I was reading this article which includes the following estimates for the numbers of fighters involved in ISIS-related regions:
- Between 7,000 and 30,000 ISIS fighters. Mixed levels of training and motivation, mixed nationalities.
- Up to 190,000 peshmerga. Another article suggests this is an old estimate from 2012 of the total everywhere - but they've received much international support since then, so their current numbers may be higher, with an increasing focus on north Iraq. That article in August 2014 described them as "Increasingly well equipped... motivated, well trained and experienced"
- Around 250,000 in the official Iraq army. They may have performed exceptionally poorly so far, but the numbers advantage is huge.

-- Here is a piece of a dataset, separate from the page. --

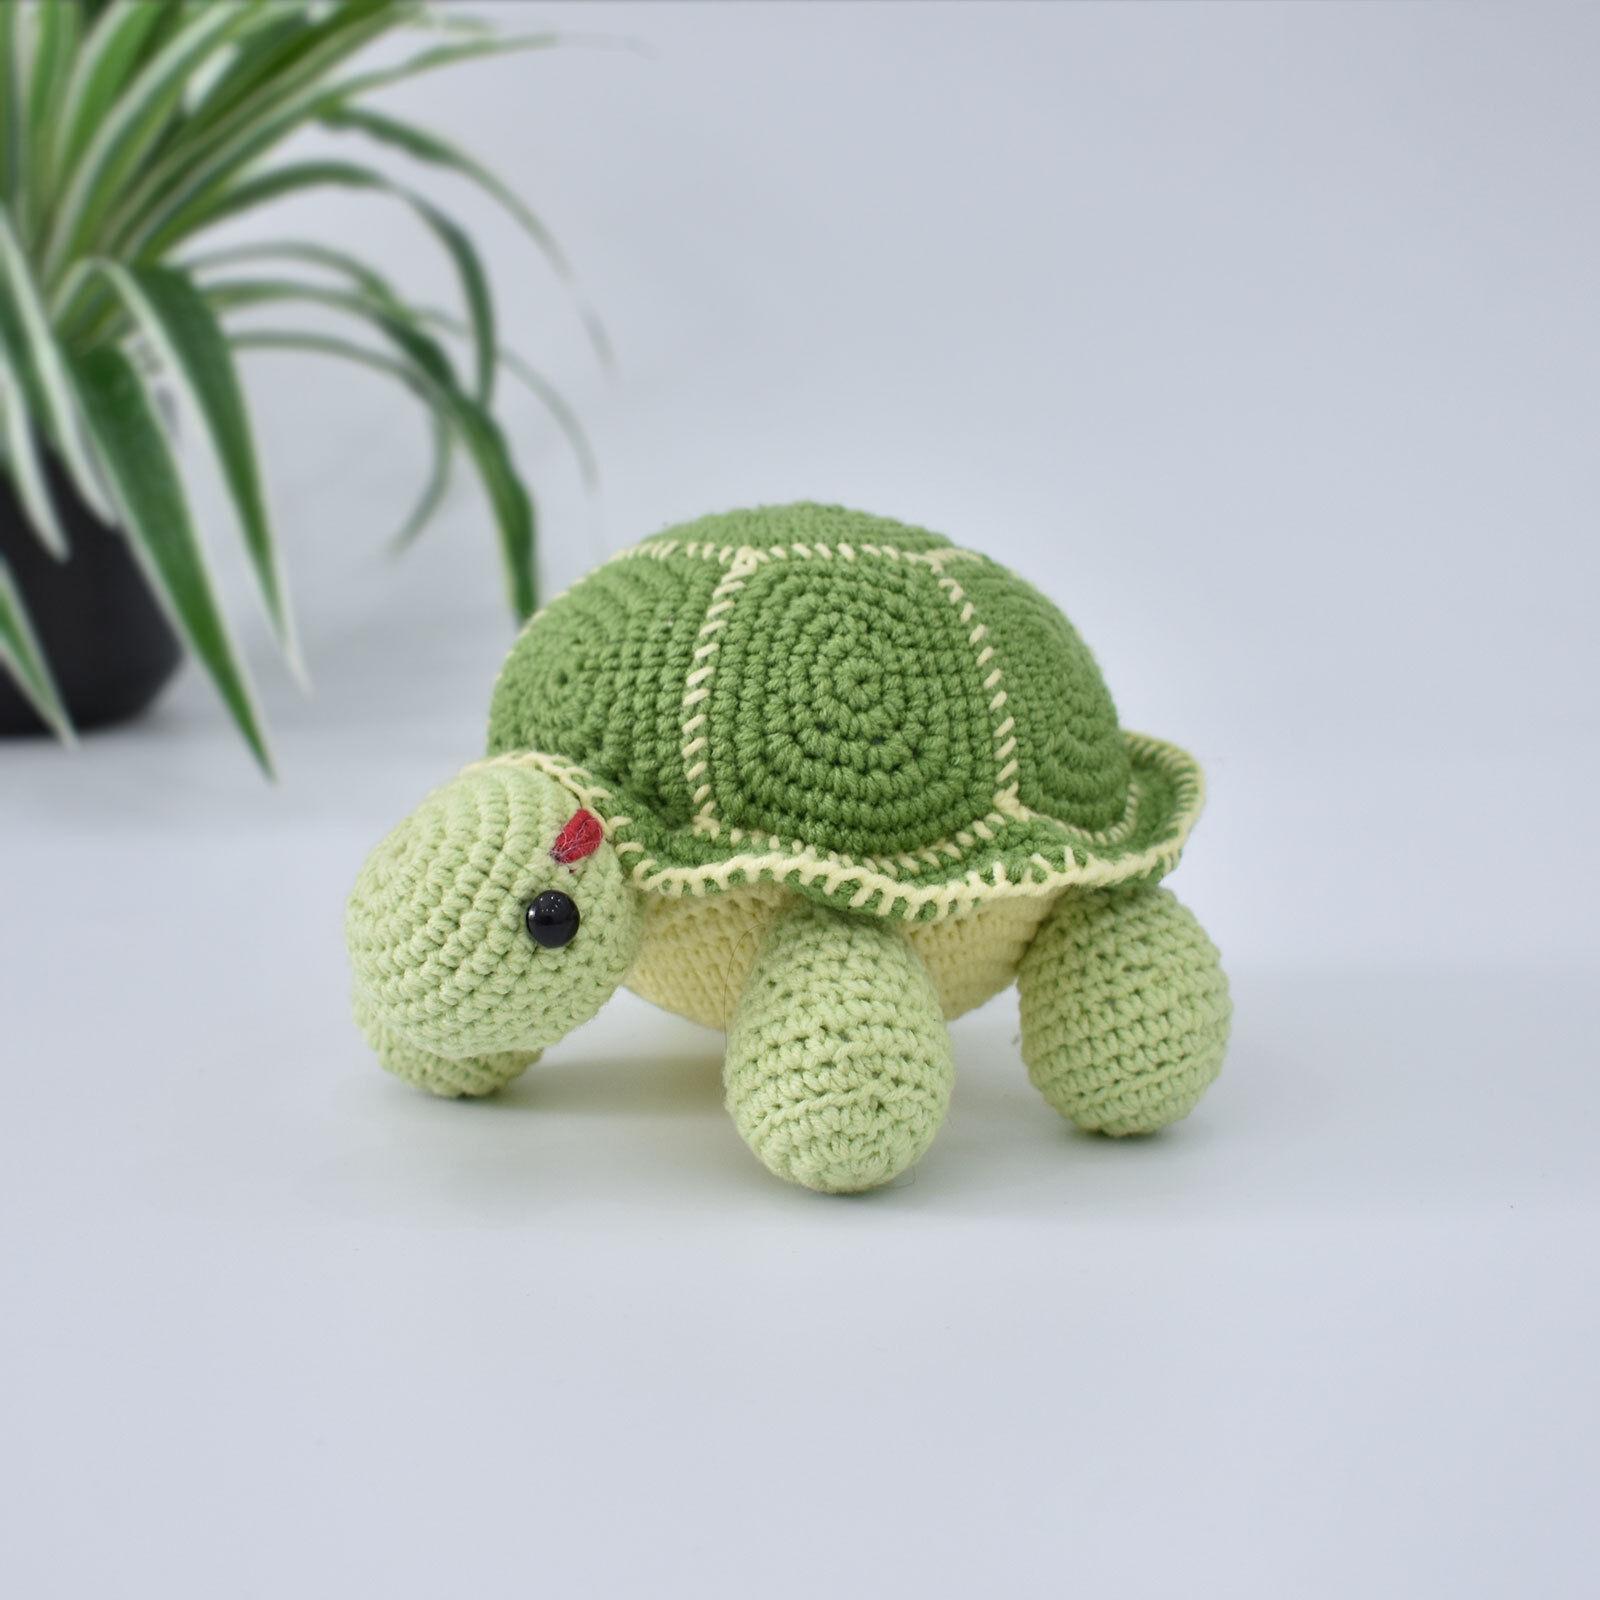 Crochet Blue Striped Turtle

Not all those peshmerga are involved in this conflict, but ISIS are also divided between many fronts, with other opponents such as the many Islamist splinter groups in Syria, the Syrian army, the FSA, international air forces, etc etc - plus all the difficulties in keeping the cities they have captured in a state of martial law and maintaining supply routes over a wide area.

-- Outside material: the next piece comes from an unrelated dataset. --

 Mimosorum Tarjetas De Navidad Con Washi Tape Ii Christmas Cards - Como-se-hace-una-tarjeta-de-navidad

And then there's also logistical issues getting supplies into the region. There may be plenty of rumours that they are receiving support from wealthy individuals in Saudi Arabia and elsewhere, but there's less of an obvious corridor for them to physically receive this assistance than there is for their opponents who are also receiving assistance from abroad.

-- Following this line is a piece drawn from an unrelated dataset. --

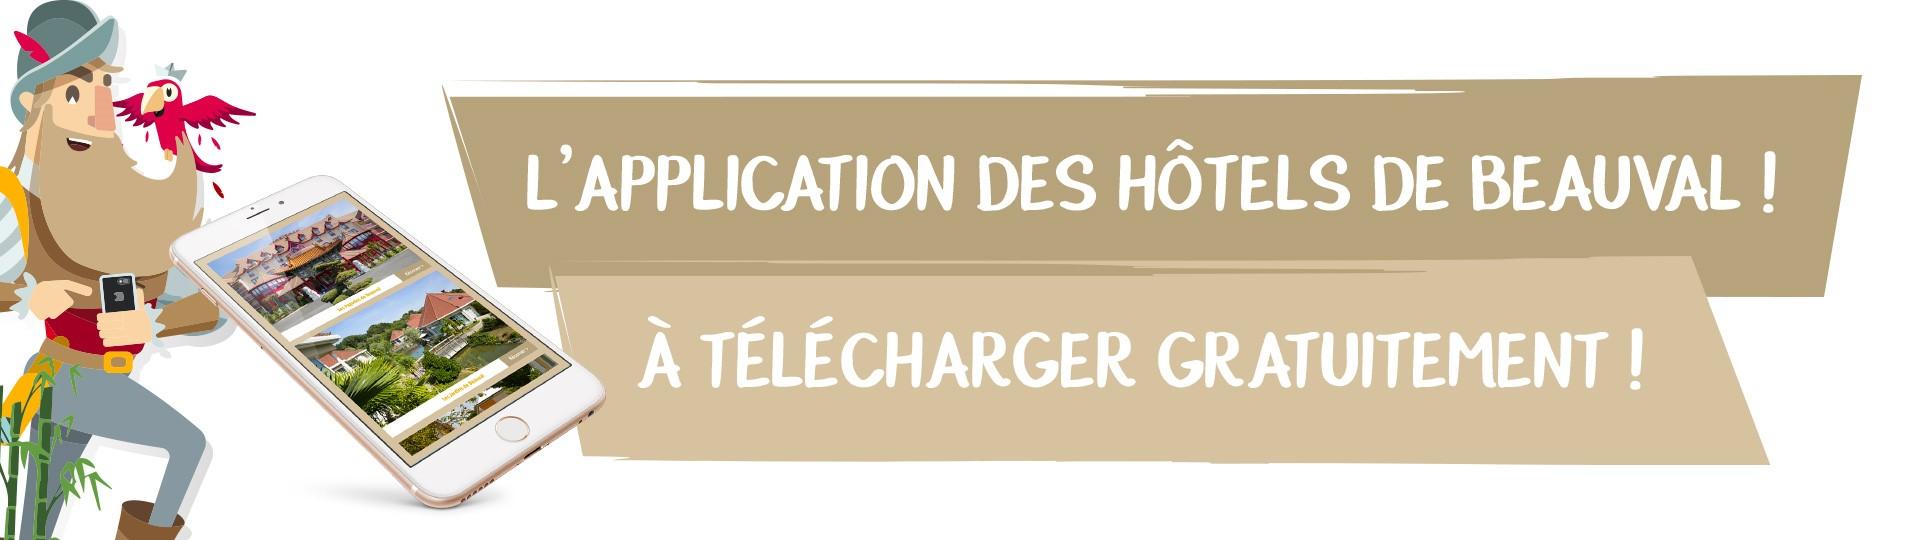 Une application mobile dédiée aux Hôtels de Beauval !

So on paper, the numbers really don't look good for ISIS. However, they seem to have been gaining ground as fast as they are losing it, even after the addition of air strikes.
How? What's missing from this analysis that enables them to flourish when the numbers seem stacked against them? And what's stopping them simply being overrun by opponents who have greater numbers, easier access to fresh supplies and (for the Peshmerga) more unified forces with stronger motivation?